> [WHAT THE EXERCISE ASKS]: Scan the listing below and copy each line holding the word "panels".

> [DATA EXTRACT]:
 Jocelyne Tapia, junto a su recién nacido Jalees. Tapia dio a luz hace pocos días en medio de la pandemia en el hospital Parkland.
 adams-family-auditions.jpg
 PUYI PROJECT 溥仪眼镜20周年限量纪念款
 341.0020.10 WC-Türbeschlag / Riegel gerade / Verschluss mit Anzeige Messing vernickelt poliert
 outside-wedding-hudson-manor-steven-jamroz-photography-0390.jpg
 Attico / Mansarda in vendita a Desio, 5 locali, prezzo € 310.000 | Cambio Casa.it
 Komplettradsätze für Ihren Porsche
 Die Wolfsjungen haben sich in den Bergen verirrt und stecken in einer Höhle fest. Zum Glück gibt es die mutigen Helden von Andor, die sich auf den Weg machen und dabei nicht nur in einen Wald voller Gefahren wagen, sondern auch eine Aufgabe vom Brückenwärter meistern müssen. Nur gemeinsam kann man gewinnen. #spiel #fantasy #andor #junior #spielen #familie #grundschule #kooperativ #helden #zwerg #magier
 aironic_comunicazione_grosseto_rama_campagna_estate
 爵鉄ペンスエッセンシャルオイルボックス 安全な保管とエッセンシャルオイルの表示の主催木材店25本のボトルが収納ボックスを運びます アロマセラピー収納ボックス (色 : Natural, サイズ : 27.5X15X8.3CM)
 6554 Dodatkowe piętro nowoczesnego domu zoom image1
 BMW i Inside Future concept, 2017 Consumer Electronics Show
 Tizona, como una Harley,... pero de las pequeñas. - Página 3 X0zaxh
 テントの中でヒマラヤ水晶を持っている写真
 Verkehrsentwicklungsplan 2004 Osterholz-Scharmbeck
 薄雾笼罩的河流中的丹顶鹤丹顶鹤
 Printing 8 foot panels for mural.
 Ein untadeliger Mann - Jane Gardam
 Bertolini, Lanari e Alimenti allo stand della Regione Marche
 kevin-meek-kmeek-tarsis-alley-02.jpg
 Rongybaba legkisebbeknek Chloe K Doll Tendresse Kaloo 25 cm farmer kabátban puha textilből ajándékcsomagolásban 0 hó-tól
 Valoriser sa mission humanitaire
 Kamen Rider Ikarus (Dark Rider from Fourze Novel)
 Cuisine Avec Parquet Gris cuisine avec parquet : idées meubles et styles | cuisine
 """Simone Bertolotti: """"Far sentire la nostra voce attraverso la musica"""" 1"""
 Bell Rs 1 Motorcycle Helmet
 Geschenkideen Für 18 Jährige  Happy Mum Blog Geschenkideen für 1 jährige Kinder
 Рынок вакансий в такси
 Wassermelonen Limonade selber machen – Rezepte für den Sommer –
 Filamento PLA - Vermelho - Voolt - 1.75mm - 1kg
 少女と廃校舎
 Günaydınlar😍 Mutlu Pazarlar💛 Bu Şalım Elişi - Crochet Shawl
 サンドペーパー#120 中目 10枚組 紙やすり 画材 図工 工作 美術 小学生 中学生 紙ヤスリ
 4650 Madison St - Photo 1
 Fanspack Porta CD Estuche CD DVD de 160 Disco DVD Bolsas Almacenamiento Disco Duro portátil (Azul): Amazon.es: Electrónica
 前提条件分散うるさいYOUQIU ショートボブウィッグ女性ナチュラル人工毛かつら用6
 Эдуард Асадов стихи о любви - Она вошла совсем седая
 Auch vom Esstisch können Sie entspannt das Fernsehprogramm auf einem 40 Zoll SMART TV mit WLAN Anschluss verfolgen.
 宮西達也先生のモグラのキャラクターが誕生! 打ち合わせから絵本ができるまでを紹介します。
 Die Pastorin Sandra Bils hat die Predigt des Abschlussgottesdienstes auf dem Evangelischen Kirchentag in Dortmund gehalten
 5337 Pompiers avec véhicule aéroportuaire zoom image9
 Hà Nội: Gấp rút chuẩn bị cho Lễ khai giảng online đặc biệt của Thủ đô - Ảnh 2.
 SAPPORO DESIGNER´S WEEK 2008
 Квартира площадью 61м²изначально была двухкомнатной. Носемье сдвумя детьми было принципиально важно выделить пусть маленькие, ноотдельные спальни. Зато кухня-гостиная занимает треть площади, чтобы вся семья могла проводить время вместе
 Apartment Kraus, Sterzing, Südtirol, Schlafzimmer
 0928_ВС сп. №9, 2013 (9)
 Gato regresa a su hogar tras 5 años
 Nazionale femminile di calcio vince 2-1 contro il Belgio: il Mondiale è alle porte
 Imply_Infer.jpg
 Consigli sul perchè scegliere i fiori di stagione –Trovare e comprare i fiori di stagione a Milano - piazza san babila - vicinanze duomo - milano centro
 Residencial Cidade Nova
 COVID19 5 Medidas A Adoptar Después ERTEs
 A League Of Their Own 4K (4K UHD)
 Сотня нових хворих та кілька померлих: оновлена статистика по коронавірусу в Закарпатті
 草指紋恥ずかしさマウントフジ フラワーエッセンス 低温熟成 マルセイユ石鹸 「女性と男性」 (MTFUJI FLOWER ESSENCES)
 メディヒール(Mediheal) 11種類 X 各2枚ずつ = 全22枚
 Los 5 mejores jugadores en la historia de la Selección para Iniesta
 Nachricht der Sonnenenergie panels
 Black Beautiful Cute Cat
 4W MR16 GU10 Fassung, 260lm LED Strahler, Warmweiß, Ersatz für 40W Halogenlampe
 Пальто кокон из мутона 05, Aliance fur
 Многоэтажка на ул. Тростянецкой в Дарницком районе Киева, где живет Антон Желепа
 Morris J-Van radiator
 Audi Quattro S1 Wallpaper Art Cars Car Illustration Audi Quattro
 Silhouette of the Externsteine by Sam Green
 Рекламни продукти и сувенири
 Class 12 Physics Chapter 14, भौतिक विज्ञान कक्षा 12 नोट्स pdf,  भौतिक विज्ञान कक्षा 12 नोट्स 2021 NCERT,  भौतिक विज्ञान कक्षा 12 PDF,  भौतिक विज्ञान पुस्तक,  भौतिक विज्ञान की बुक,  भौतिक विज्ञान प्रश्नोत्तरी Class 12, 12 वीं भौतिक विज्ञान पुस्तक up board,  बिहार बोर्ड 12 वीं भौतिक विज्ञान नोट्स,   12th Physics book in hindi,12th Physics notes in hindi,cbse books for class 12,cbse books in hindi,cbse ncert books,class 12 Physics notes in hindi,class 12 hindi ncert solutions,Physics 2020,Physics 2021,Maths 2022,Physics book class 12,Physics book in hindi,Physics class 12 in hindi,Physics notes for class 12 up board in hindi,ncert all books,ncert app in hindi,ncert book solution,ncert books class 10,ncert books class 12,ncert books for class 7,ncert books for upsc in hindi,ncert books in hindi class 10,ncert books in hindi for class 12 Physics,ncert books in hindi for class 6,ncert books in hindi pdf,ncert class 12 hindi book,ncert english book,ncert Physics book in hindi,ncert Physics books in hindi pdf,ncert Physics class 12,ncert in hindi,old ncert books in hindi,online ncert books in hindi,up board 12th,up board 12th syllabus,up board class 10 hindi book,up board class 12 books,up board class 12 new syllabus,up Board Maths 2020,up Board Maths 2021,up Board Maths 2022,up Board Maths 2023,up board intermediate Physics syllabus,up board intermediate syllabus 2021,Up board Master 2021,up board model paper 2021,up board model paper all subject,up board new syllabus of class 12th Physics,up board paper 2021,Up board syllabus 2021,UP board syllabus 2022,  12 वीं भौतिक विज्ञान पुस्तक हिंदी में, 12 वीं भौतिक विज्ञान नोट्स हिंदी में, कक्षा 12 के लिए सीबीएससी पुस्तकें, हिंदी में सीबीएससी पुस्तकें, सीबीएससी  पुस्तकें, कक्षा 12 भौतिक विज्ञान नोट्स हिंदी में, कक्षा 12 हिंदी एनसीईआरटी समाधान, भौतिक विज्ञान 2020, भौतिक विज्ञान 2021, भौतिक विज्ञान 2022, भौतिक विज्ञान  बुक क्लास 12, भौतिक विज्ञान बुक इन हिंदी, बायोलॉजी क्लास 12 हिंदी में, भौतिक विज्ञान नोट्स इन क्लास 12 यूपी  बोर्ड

> [SOLUTION BELOW]:
 Printing 8 foot panels for mural.
 Nachricht der Sonnenenergie panels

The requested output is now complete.